What will likely limit the performance?
  We care since that's the thing to optimize.
  CPU? memory? disk? network?
  In 2004 authors were limited by network capacity.
    What does MR send over the network?
      Maps read input from GFS.
      Reduces read Map output.
        Can be as large as input, e.g. for sorting.
      Reduces write output files to GFS.
    [diagram: servers, tree of network switches]
    In MR's all-to-all shuffle, half of traffic goes through root switch.
    Paper's root switch: 100 to 200 gigabits/second, total
      1800 machines, so 55 megabits/second/machine.
      55 is small, e.g. much less than disk or RAM speed.
  Today: networks and root switches are much faster relative to CPU/disk.

Some details (paper's Figure 1):
  one coordinator, that hands out tasks to workers and remembers progress.
  1. coordinator gives Map tasks to workers until all Maps complete
     Maps write output (intermediate data) to local disk
     Maps split output, by hash, into one file per Reduce task
  2. after all Maps have finished, coordinator hands out Reduce tasks
     each Reduce fetches its intermediate output from (all) Map workers
     each Reduce task writes a separate output file on GFS

How does MR minimize network use?
  Coordinator tries to run each Map task on GFS server that stores its input.
    All computers run both GFS and MR workers
    So input is read from local disk (via GFS), not over network.
  Intermediate data goes over network just once.
    Map worker writes to local disk.
    Reduce workers read directly from Map workers, not via GFS.
  Intermediate data partitioned into files holding many keys.
    R is much smaller than the number of keys.
    Big network transfers are more efficient.

How does MR get good load balance?
  Wasteful and slow if N-1 servers have to wait for 1 slow server to finish.
  But some tasks likely take longer than others.
  Solution: many more tasks than workers.
    Coordinator hands out new tasks to workers who finish previous tasks.
    So no task is so big it dominates completion time (hopefully).
    So faster servers do more tasks than slower ones, finish abt the same time.

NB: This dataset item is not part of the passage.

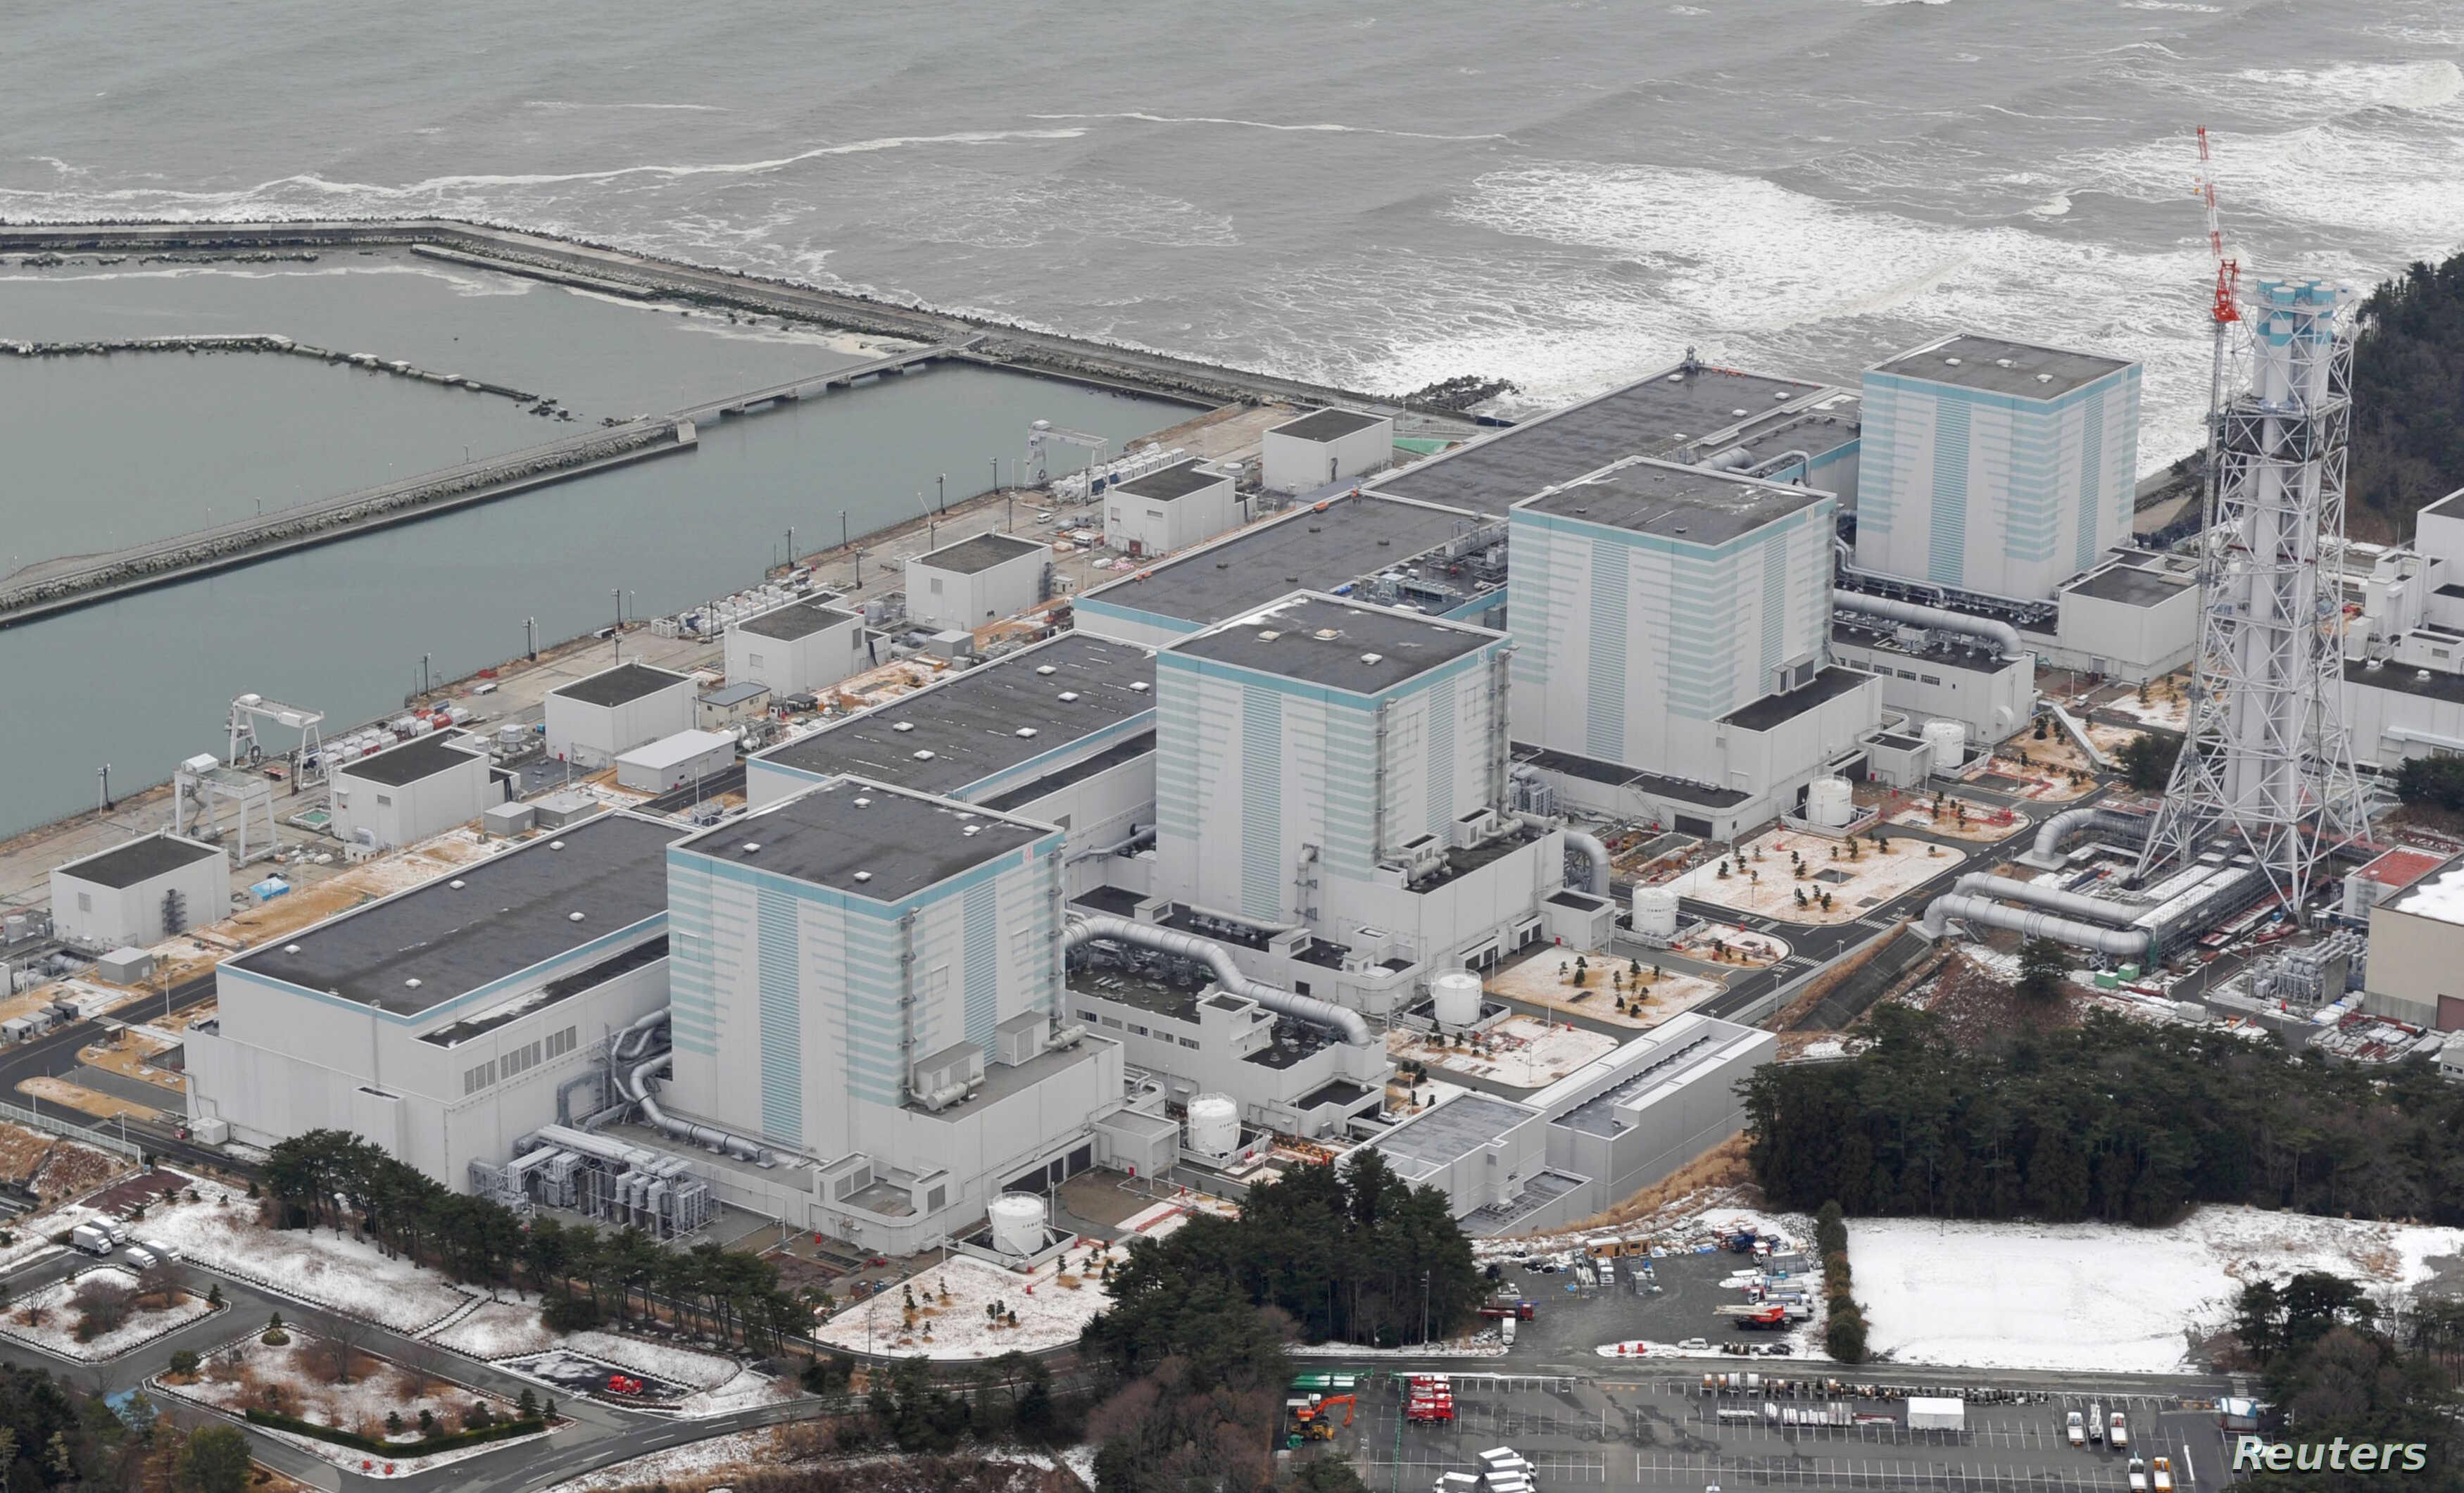 3.11地震十周年,核泄漏事件還在危害公眾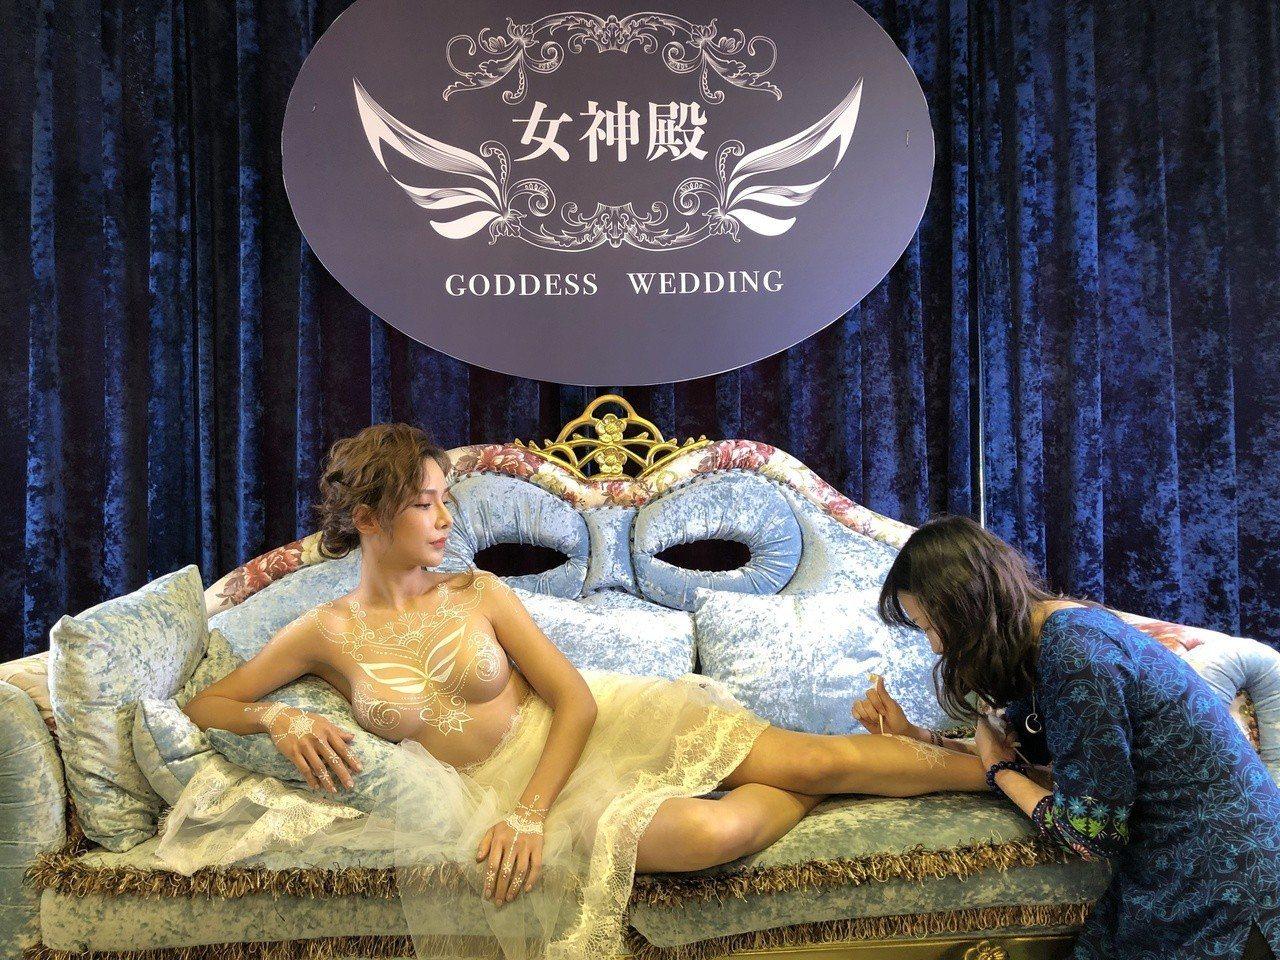 台中知名婚紗業者「女神殿」推出全台首創的三點不露人體彩繪婚紗,業者並標榜獨創的享...

What about fault tolerance?
  I.e. what if a worker crashes during a MR job?
  We want to completely hide failures from the application programmer!
  Does MR have to re-run the whole job from the beginning?
    Why not?
  MR re-runs just the failed Map()s and Reduce()s.
    Suppose MR runs a Map twice, one Reduce sees first run's output,
      another Reduce sees the second run's output?
    Correctness requires re-execution to yield exactly the same output.
    So Map and Reduce must be pure deterministic functions:
      they are only allowed to look at their arguments.
      no state, no file I/O, no interaction, no external communication.
  What if you wanted to allow non-functional Map or Reduce?
    Worker failure would require whole job to be re-executed,
      or you'd need to create synchronized global checkpoints.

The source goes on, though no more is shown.